2. Small area disease mapping studies have become an established technique in spatial epidemiology with the advent of routine health data indexed at a fine geographical resolution. In particular, they can highlight sources of heterogeneity underlying spatial patterns in the health outcomes and consequently are able to suggest important public health determinants or etiologic clues. Such models allow area-specific disease relative risks to be ‘smoothed’ towards global and/or local mean levels across the study region, e.g. using the convolution model proposed by Besag, York and Mollié. Several issues relating to disease mapping can occur such as the specification of the spatial dependency or the incorporation of covariates (risk factor or confounder). An overview of the main classes of models that have been used for disease mapping within a Bayesian estimation paradigm will be presented. Recent extensions to model the joint spatial distribution of multiple diseases or to analyse the spatio-temporal variations of disease will be also developed. The different methods will be illustrated.

3. End-stage renal disease requires renal replacement therapy. Dialysis or transplantation may be indicated. Often several types of treatment may be proposed consecutively in the personal history of a given patient for instance, peritoneal dialysis first, then transplantation and back to hemodialysis in case of progressing insufficiency of the transplanted kidney along with time. ESRD is associated with ageing and comorbidities and high cardiovascular morbidity. Background mortality is particularly relevant in the context of chronic diseases and requires appropriate methodological approaches. C. Elie proposes modelling ESRD mortality, comparing excess mortality (additive model) and relative mortality (multiplicative model). A model combining these two components is then proposed. A cohort of nearly 10,000 patients who started renal replacement therapy by dialysis from 2002 to 2007 for treatment of end-stage renal disease was studied. Generalized linear models were used to modelling relative and excess mortality. The combined model was designed on the basis of Aalen additive hazard model. This study underlines the interest of developing criteria to orient the choice of the most appropriate model, either additive or multiplicative. A new approach is proposed which combines both components in the same model.
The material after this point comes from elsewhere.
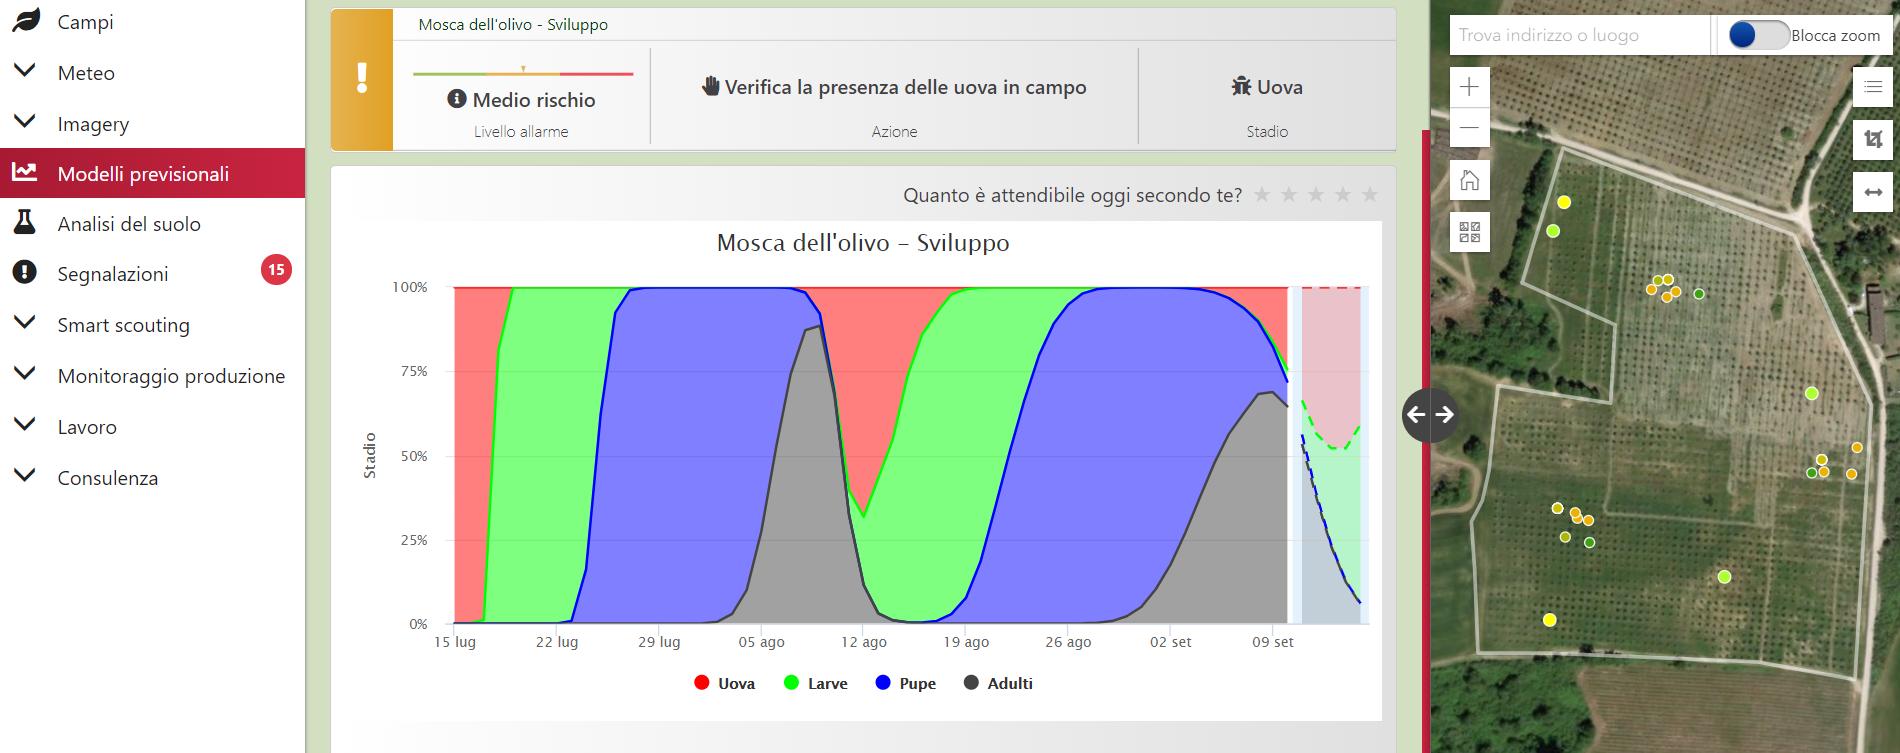 modello previsionale di sviluppo mosca dell'olivo

4. If we concentrate the problematic on kidney transplant recipients, the excellent one year graft survival rate in kidney transplantation, due to the introduction of new drugs and new strategies after surgery, has led to a new challenge: the development of early surrogate endpoints for long-term graft survival. The first difficulty is the possibility of two terminal failures: back to dialysis in case of graft rejection, or patient death. These two events may be differentially correlated with surrogate markers. The second difficulty is the impossibility to discriminate deaths dependent on the transplantation itself from independent causes. In order to solve these difficulties, Y. Foucher proposed to develop the ROC theory in the context of two competing failure times with a relative survival part for the mortality modelling. The analysis was performed on the basis of the French data bank of kidney transplant patients (DIVAT). Moreover, in this study, he showed that this new marker predicts the long-term graft survival better than classical markers such as creatinine clearance.

Paul Landais (MD PhD) is epidemiologist and nephrologist at Paris Descartes University, Necker Enfants Malades hospital and created the national Renal Epidemiology and Information Network (REIN), which registers all the French patients entering ESRD with their follow-up.
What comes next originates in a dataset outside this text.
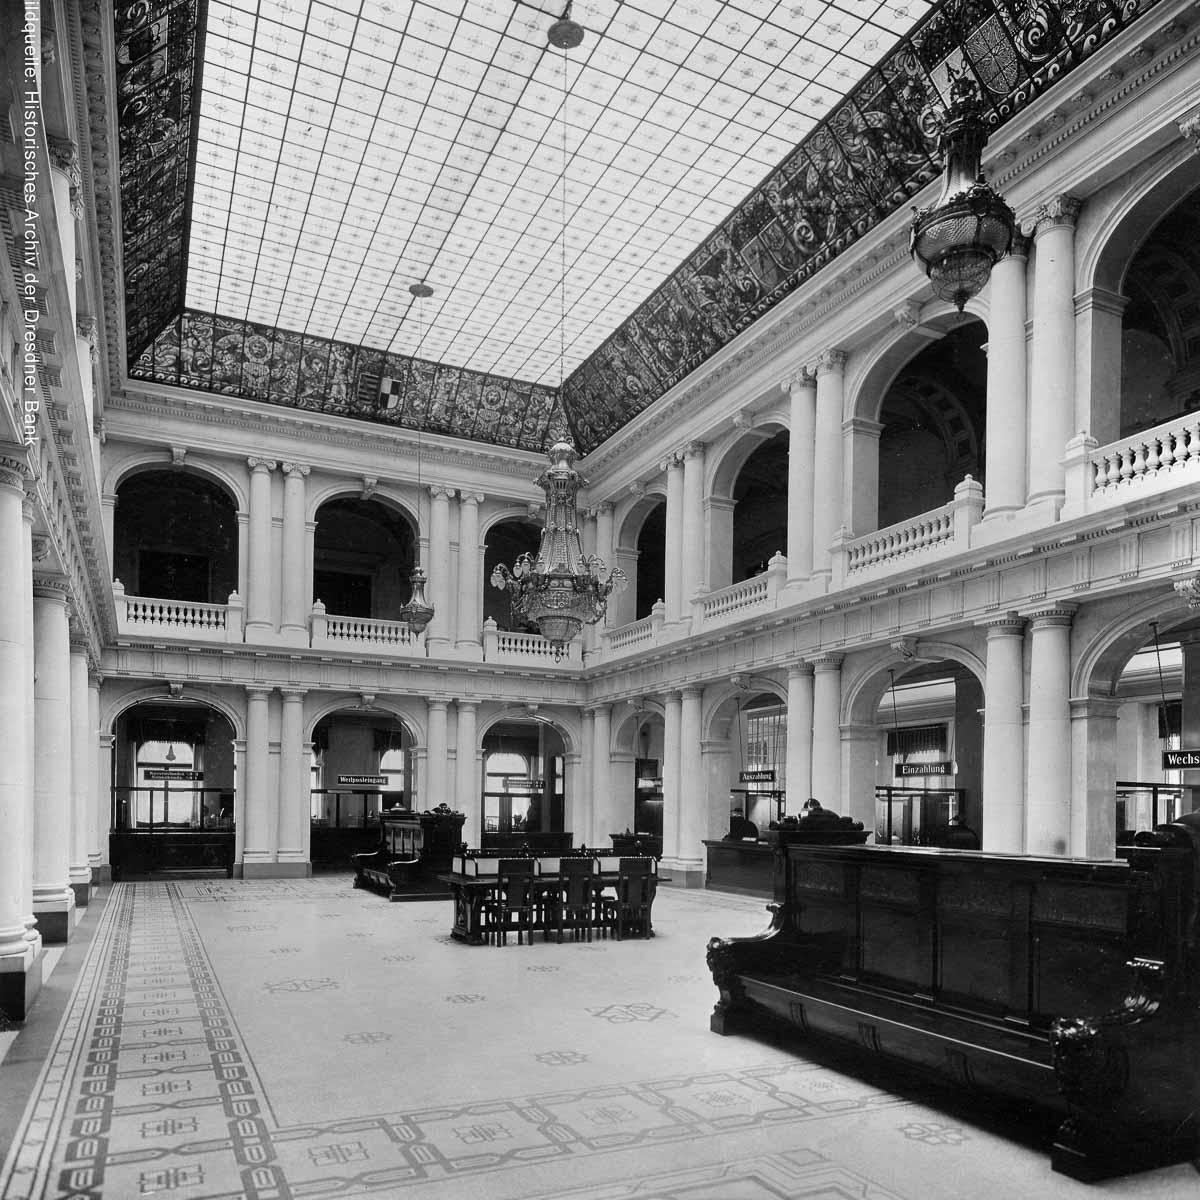 Historische Aufnahme der Schalterhalle Hotel de Rome

Léa Fortunato (PhD) is Research Associate, Division of Epidemiology, Public Health and Primary Care, Imperial College, London, UK.
Caroline Elie (MD BSc) is research fellow of biostatistics and clinical research at Paris Descartes University.
Yohann Foucher (PhD) is biostatistician. His PhD degree was directed by Pr JP. Daurès Montpellier University, France. He is today involved in renal transplantation research and modelling at the Institute for transplantation and transplantation research (ITERT) at Nantes University, France.